Nous revenons de surfer, Carlo et moi. Surfer : comme il y a vingt ans. Nous avons emprunté leurs planches à deux petits jeunes et nous nous sommes jetés dans les vagues hautes et fortes, si inhabituelles dans cette mer Tyrrhénienne qui a bercé toute notre vie. Carlo plus agressif et téméraire, qui crie, tatoué, obsolète, ses longs cheveux au vent et sa boucle d'oreille étincelant au soleil ; et moi, plus prudent et soucieux de mon style, plus zélé et contrôlé, passant davantage inaperçu, comme toujours. Son chic agaçant de beatnik et mon bon vieux sens de l'euphémisme sur deux planches filant au soleil, et nos deux mondes qui reprenaient leur duel, comme à l'époque de nos phénoménales engueulades de jeunesse - rébellion contre subversion -, quand les chaises volaient, et pas pour rire. Nous ne nous sommes pas donnés en spectacle, non, il faut dire que c'était déjà bien d'avoir réussi à ne pas tomber ; ou plutôt : nous avons donné le spectacle de deux types qui ont été jeunes eux aussi et qui, pendant une courte période, ont cru que certaines forces pouvaient l'emporter pour de bon et se sont entraînés alors à un tas de choses qui sont par la suite apparues d'une souveraine inutilité, par exemple jouer des congas, faire rouler une pièce entre ses doigts comme David Hemmings dans Blow Up, ralentir son rythme cardiaque pour simuler un accès de bradycardie et être réformé au service militaire, danser le ska, rouler ses joints d'une seule main, tirer à l'arc, pratiquer la méditation transcendantale ou, justement, le surf. Les deux petits jeunes ne pouvaient pas comprendre, Lara et Claudia étaient déjà rentrées à la maison, Nina 2004 est partie tôt ce matin (Carlo change de fiancée chaque année et, du coup, Lara et moi leur attribuons un millésime) : sans personne pour en profiter, ce fut un spectacle en sourdine, entre nous, un de ces jeux qui n'ont de sens qu'entre frères parce qu'un frère est le témoin d'une inviolabilité qu'à partir d'un certain moment, personne d'autre n'est plus disposé à vous reconnaître.
" Là ! " dis-je soudain.
Puis, nous nous sommes allongés sur le sable pour sécher, sonnés de fatigue, les yeux clos, avec le vent sur la poitrine qui nous ébouriffait les poils, et nous sommes restés sans parler, relax. Mais soudain, je me suis aperçu que, pour jouir de cette paix, nous négligions quelque chose qui, depuis un petit moment, se manifestait avec une urgence retentissante : des cris. Je me suis assis, aussitôt imité par Carlo.
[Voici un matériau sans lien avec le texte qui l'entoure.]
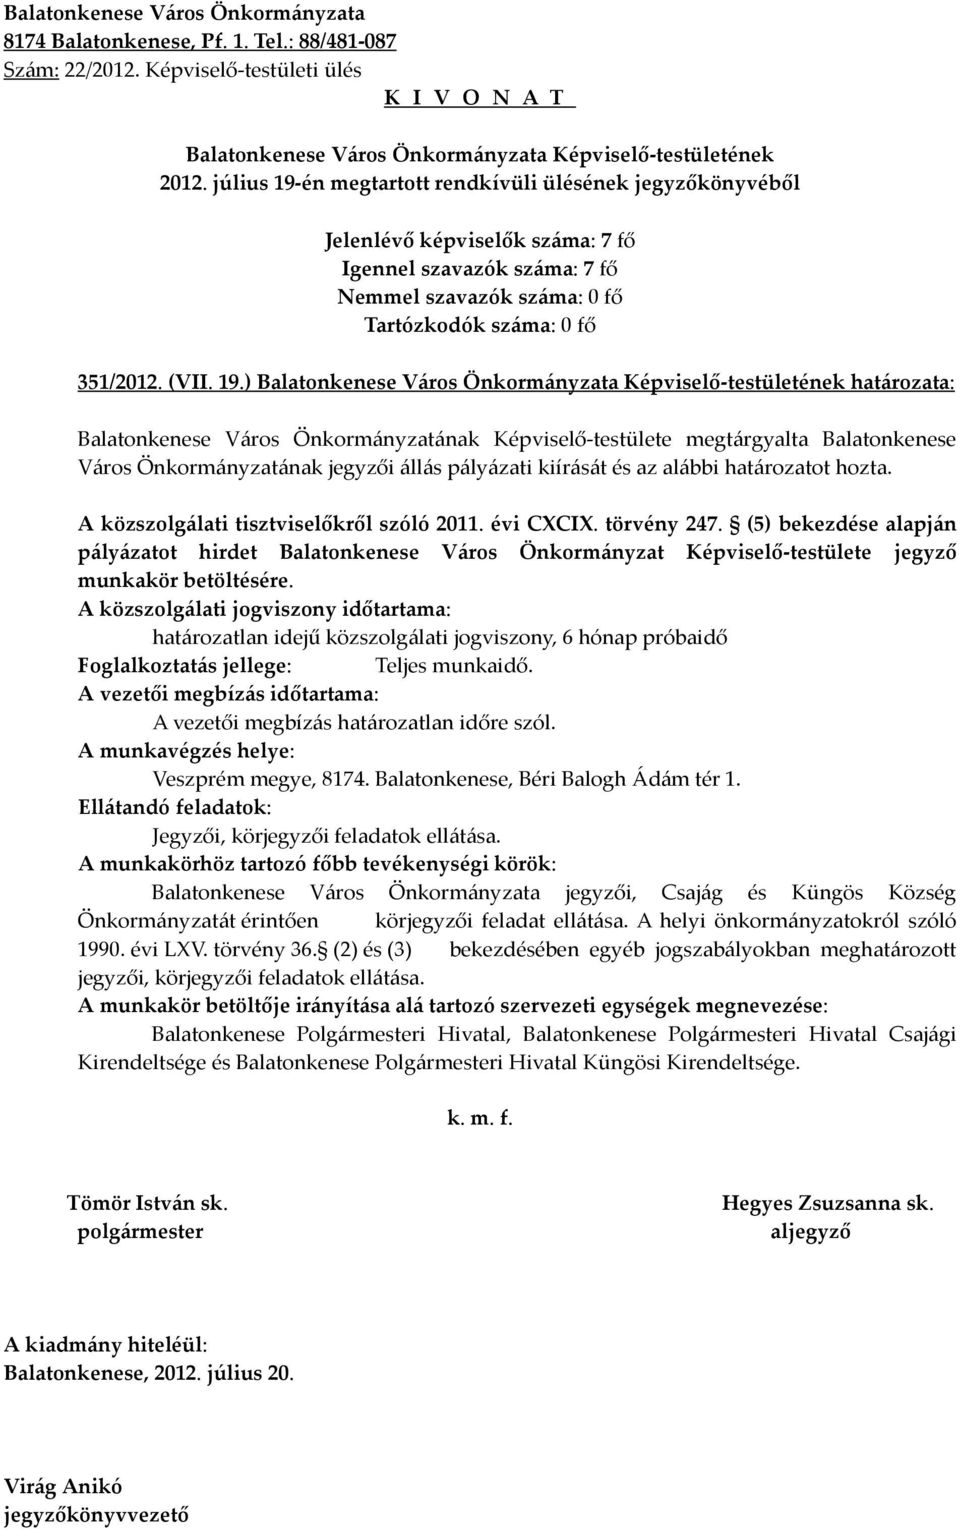 A közszolgálati tisztviselőkről szóló 2011. évi CXCIX. törvény 247. (5) bekezdése alapján pályázatot hirdet Balatonkenese Város Önkormányzat Képviselő-testülete jegyző munkakör betöltésére.

" Là ! " dis-je soudain, en désignant un groupe de gens en effervescence, à une centaine de mètres sous le vent.
Nous nous levons d'un bond, les muscles encore chauds de notre longue chevauchée sur les vagues, et nous courons vers cette petite foule. Nous laissons sur place téléphones, lunettes, argent, tout : il n'existe soudain rien d'autre que cet attroupement et ces cris. Certaines choses se font sans qu'on y réfléchisse.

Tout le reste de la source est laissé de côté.